Наговорившись вволю мы стали не спеша собираться. Мечи пришлось тщательно запаковать в узлы, так как купцы их не носят. Не то это оружие, чтобы едва взяв в руки, тут же им овладеть. Требуются годы усиленных тренировок, а такого количества свободного времени у торговцев сроду не бывает, да и стоит хороший меч изрядно. Словом, опоясавшись клинком, каждому даешь понять, что ты — дворянин.

В сундуке, так щедро одарившем нас купеческими нарядами, нашлось и изрядное количество смертоубийственных железок, вполне подходящих для работников торговли. На пояс я повесил тяжелый кинжал, больше похожий на мачете, ну а насовать за пазуху и в рукава метательные ножи мне сам бог велел.

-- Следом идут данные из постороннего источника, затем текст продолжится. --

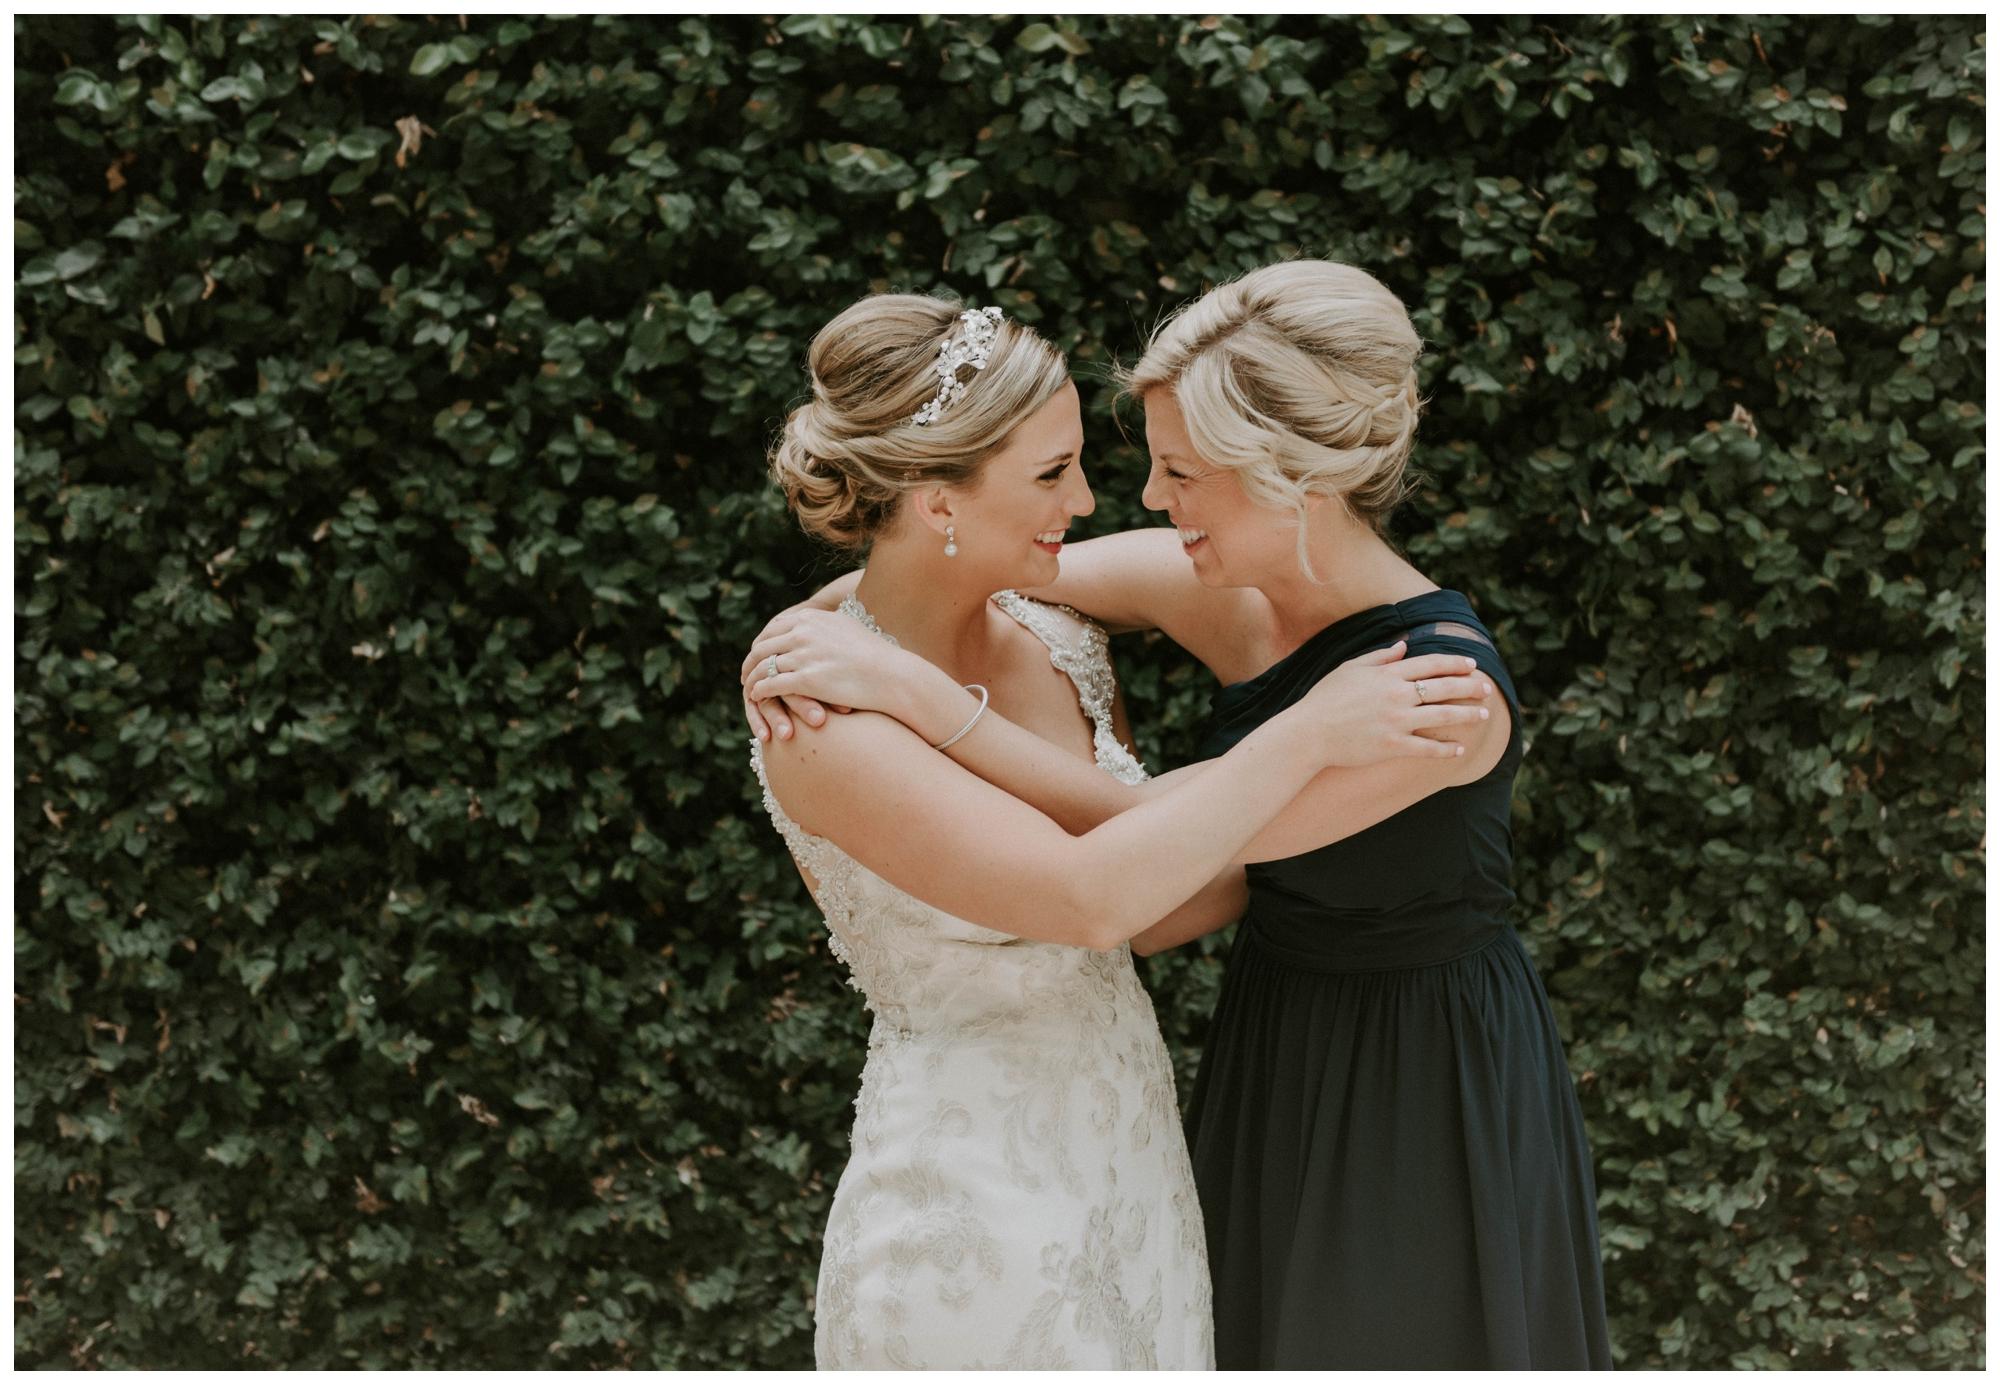 austin-texas-wedding-photography-1778-photographie_0028.jpg

Мануэль выбрал небольшой арбалет, раза в два легче обычного, и как раз по руке юноше. Я бросил на оружие беглый взгляд и одобрительно кивнул: была у меня подобная игрушка. Выглядит так, будто с ней только на птиц охотиться, а на самом деле и скорострельность, и сила удара на высоте. Большой мастер делал, серьезная вещь и прекрасный выбор для профессионала.

Но основное оружие купца — тяжелая дубинка. Я взвесил свою в руке, и словно провалился в далекое прошлое.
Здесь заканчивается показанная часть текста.